◆ **Source data**:
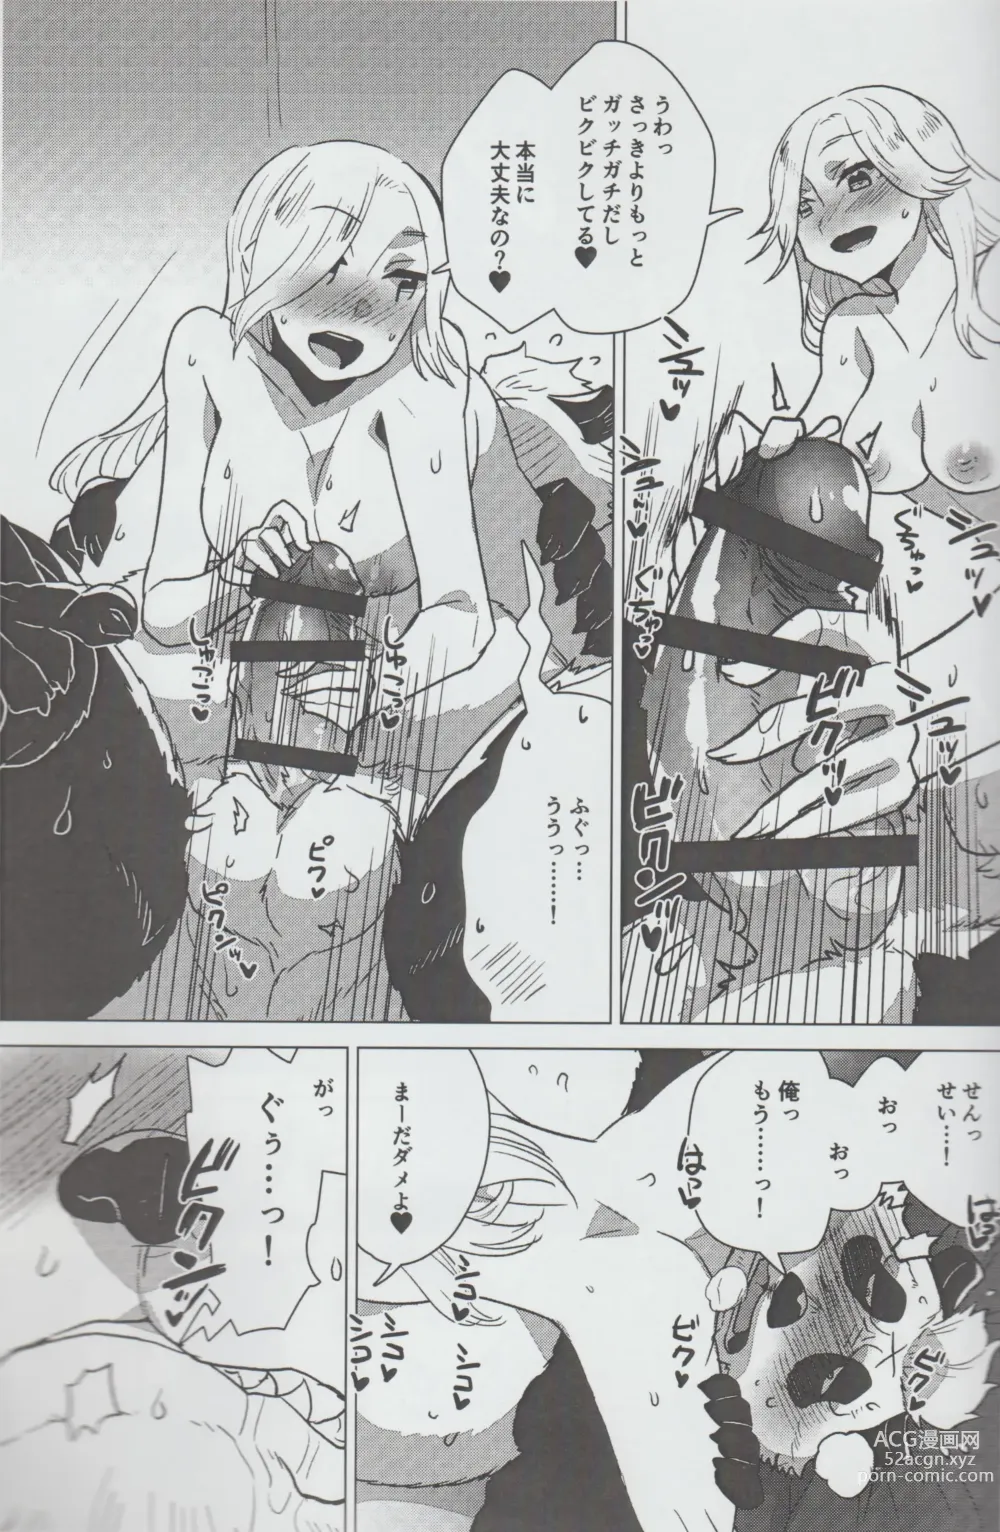 Page 14 of doujinshi Mihoshi Ginza Shopping Street Kaihoushi vol. 07
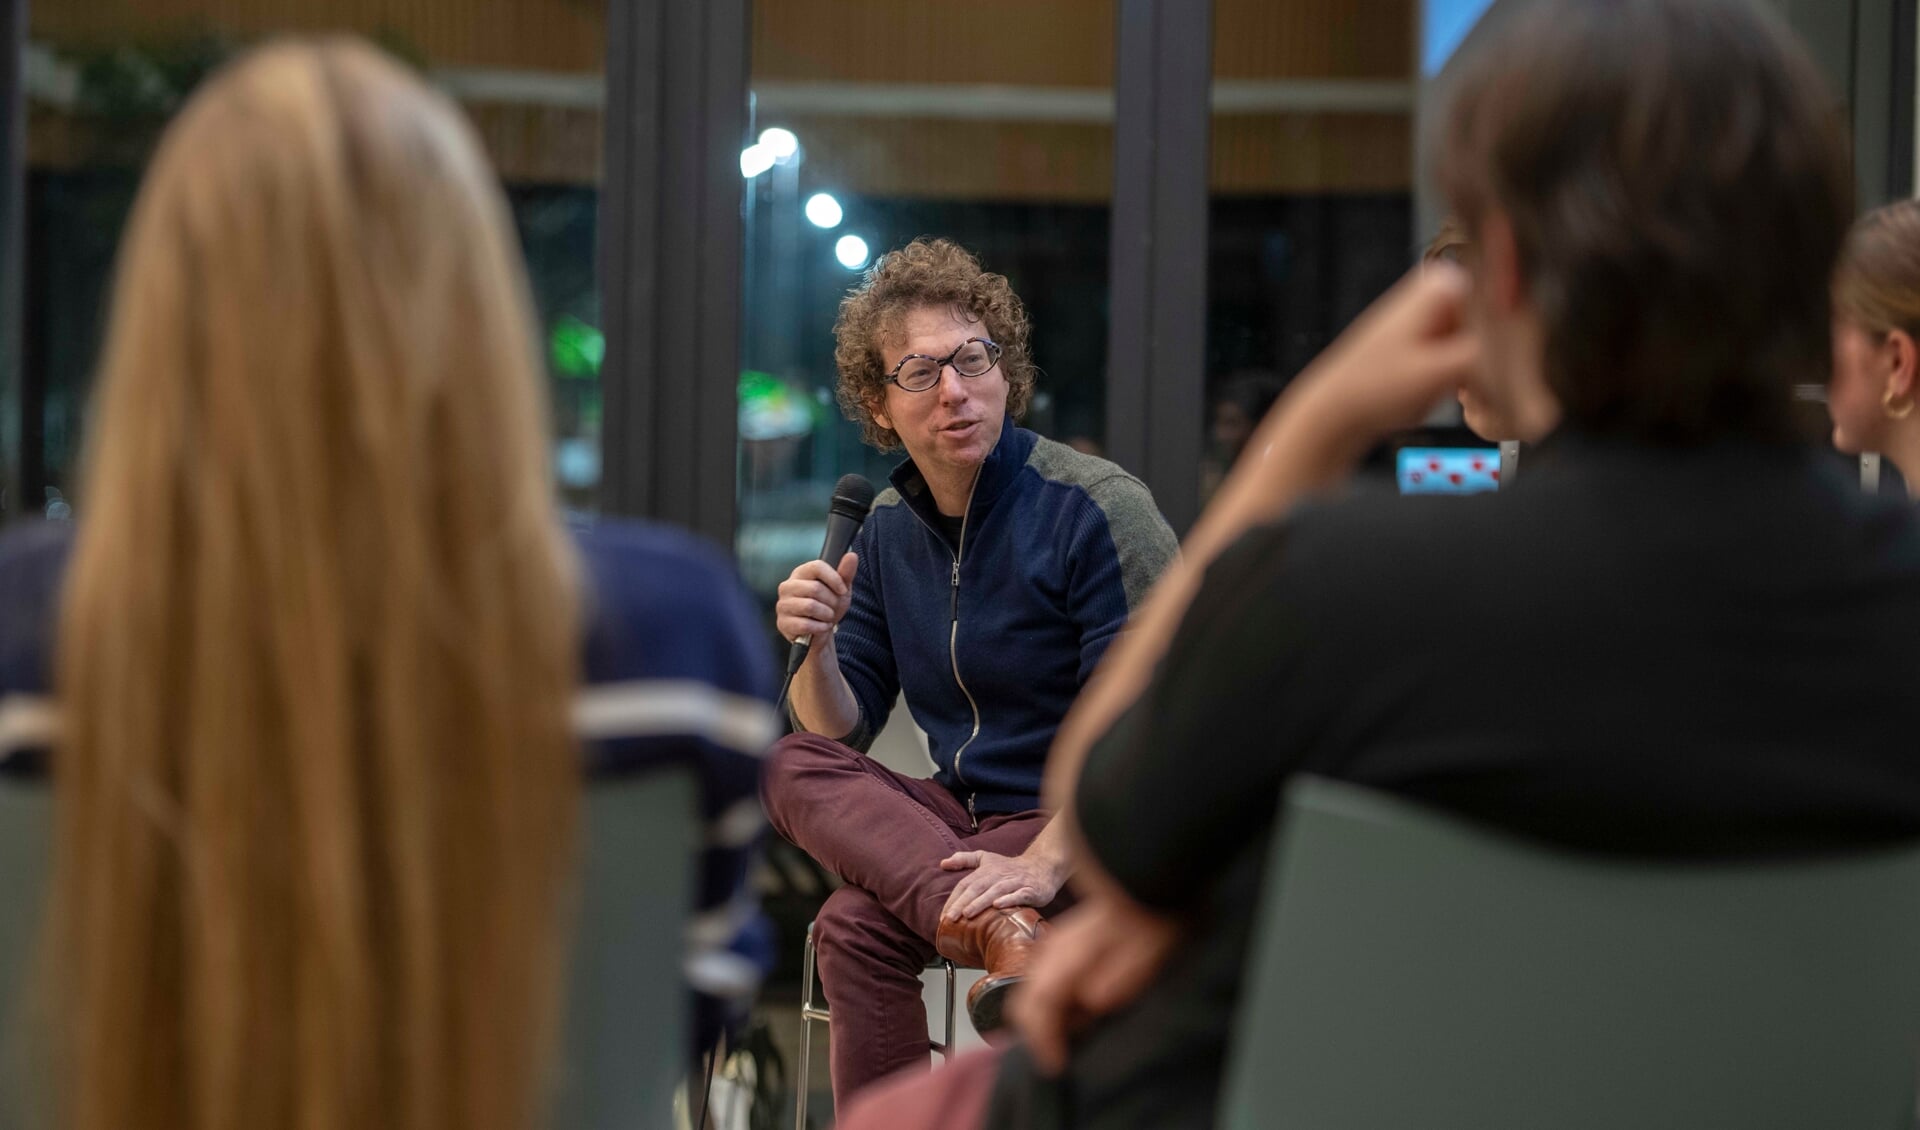 Schrijver Arnon Grunberg was woensdagavond te gast bij het Varendonck College in Asten. (Foto: Hein van Bakel)
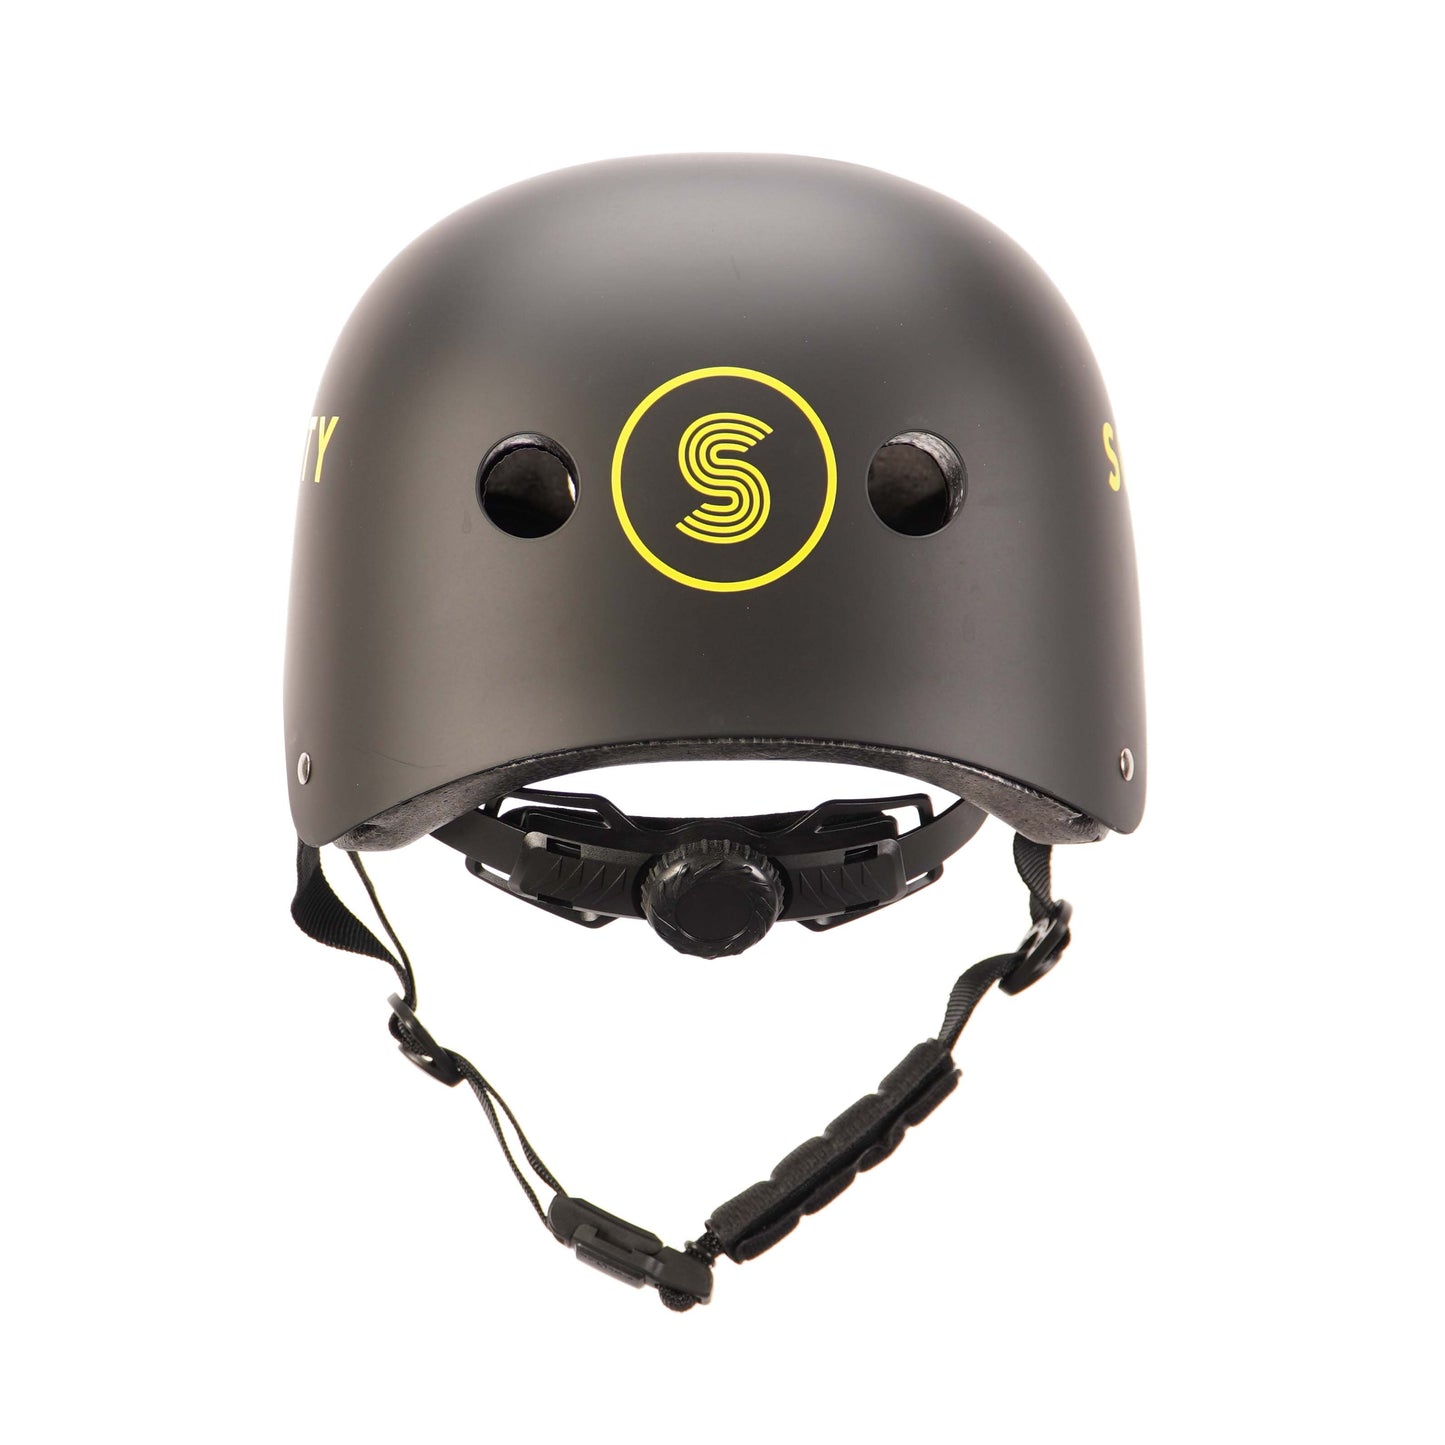 Scooty Black Helmet

◆ **Directions for this task**:
Once the pictures are removed, repeat all of the data above exactly.

◆ **Answer to the exercise**:
 Page 14 of doujinshi Mihoshi Ginza Shopping Street Kaihoushi vol. 07
 Schrijver Arnon Grunberg was woensdagavond te gast bij het Varendonck College in Asten. (Foto: Hein van Bakel)
 Scooty Black Helmet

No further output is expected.